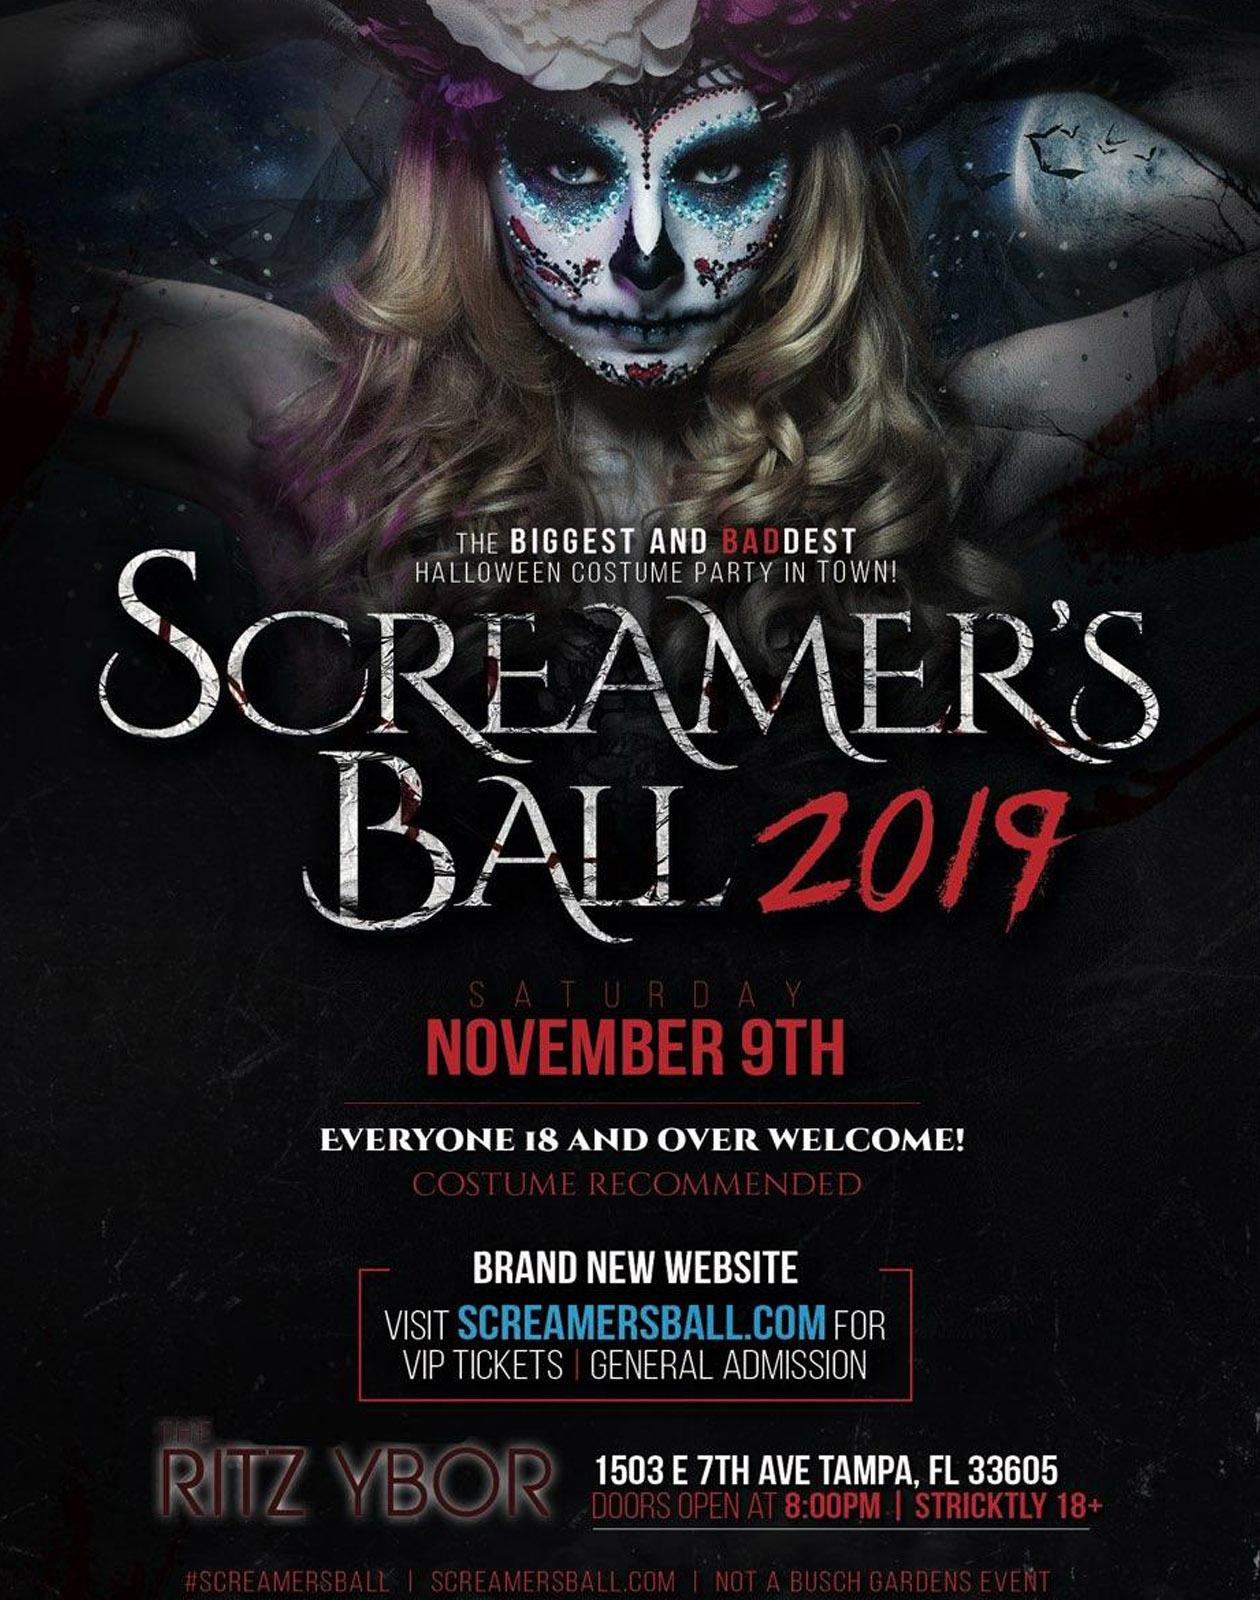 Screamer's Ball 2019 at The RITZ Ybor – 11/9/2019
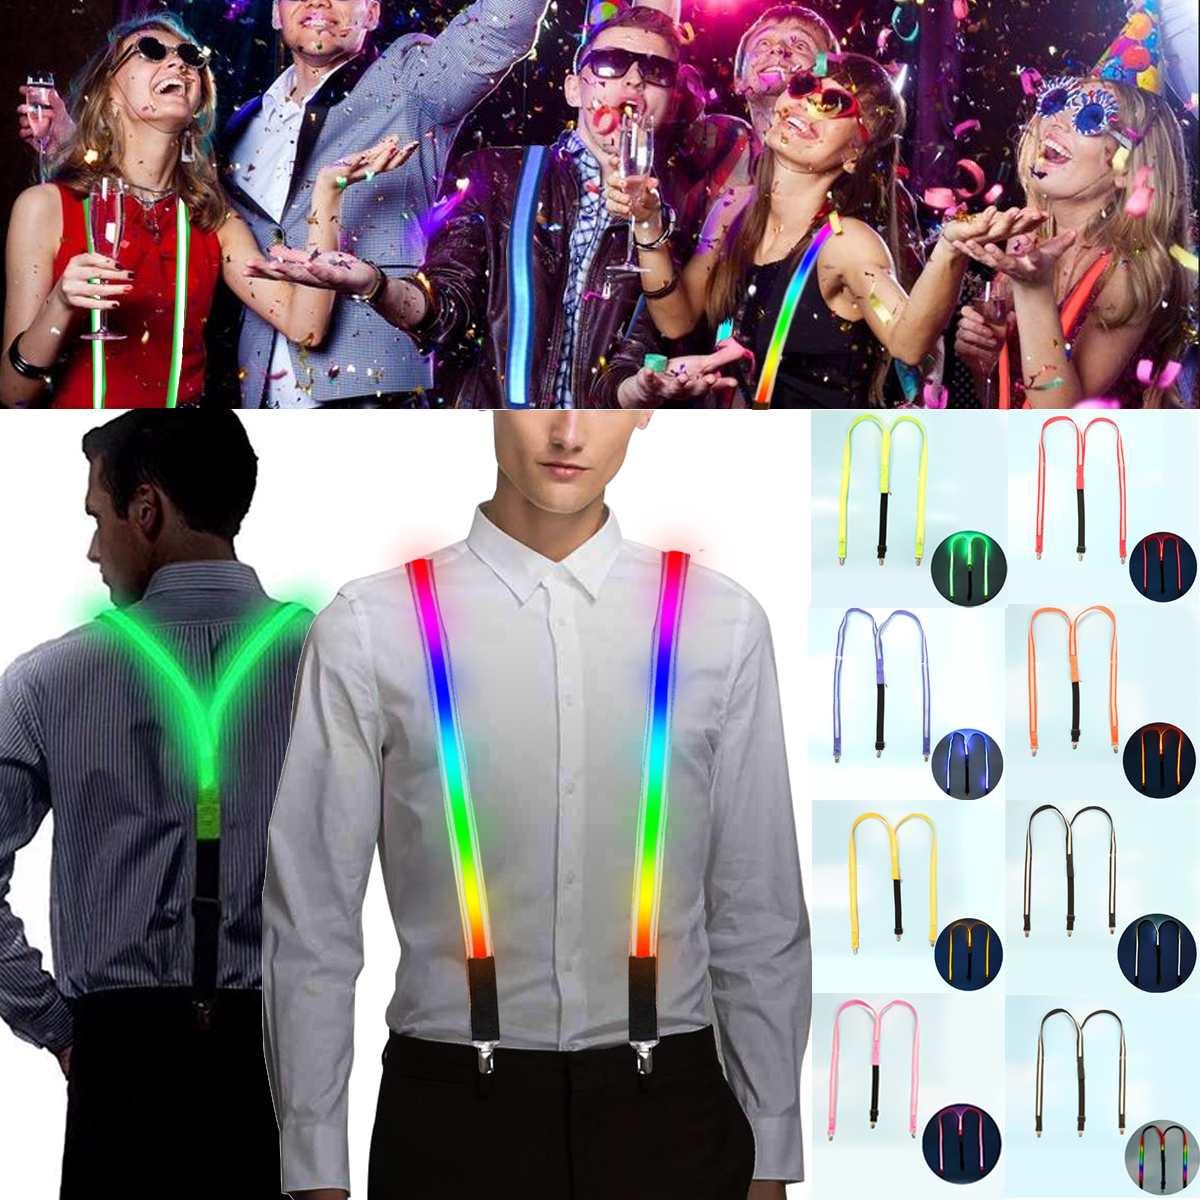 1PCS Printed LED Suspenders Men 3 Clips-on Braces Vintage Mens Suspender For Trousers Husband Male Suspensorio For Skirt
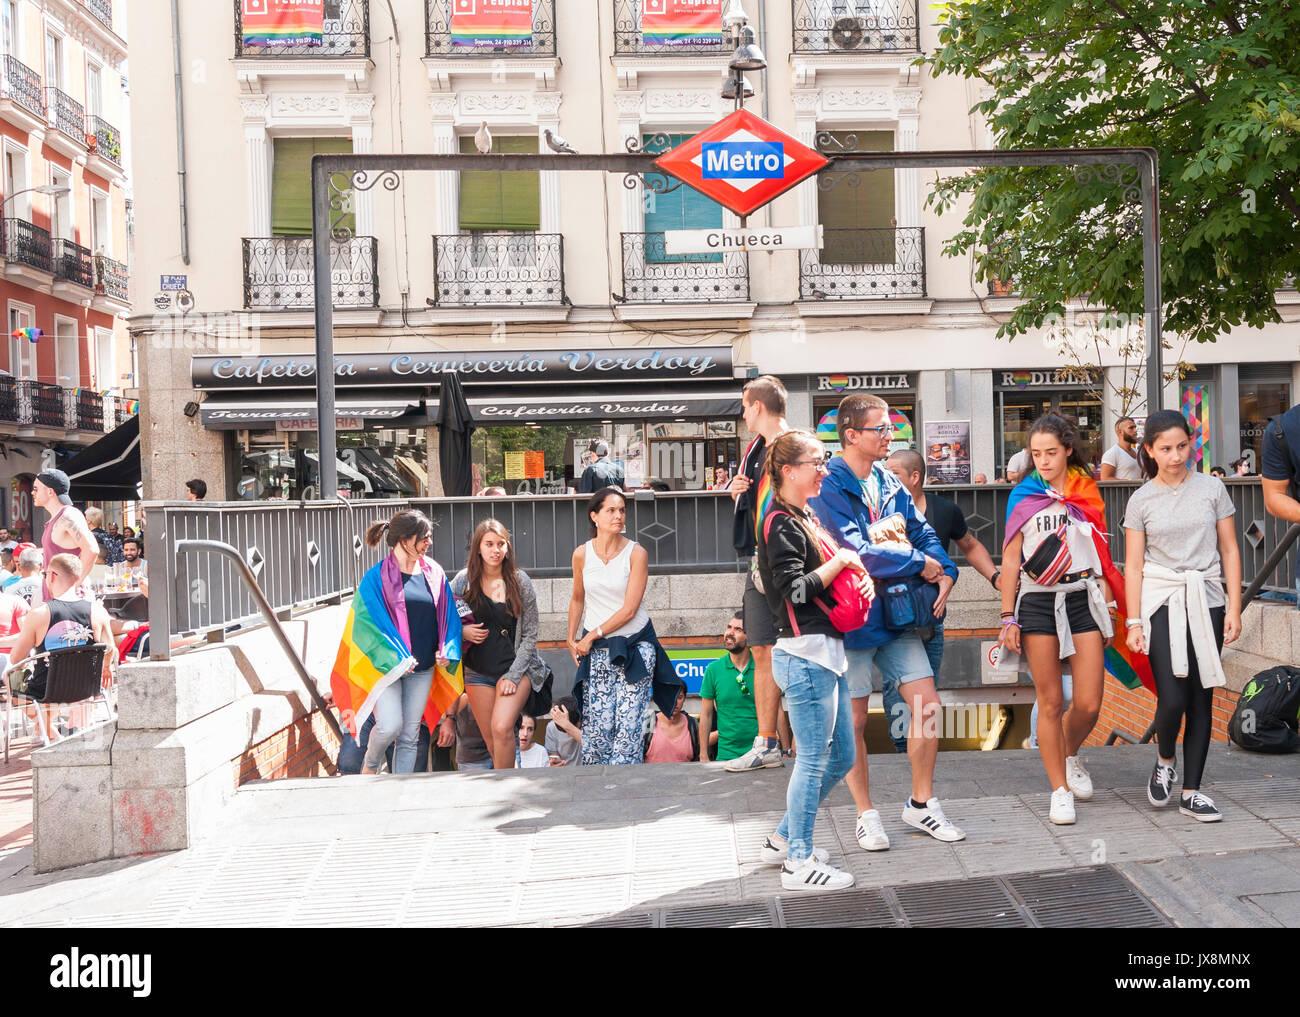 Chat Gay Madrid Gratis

(Required action) Repeat the lines above precisely and skip every picture.

(Exercise solution)
 Screamer's Ball 2019 at The RITZ Ybor – 11/9/2019
 1PCS Printed LED Suspenders Men 3 Clips-on Braces Vintage Mens Suspender For Trousers Husband Male Suspensorio For Skirt
 Chat Gay Madrid Gratis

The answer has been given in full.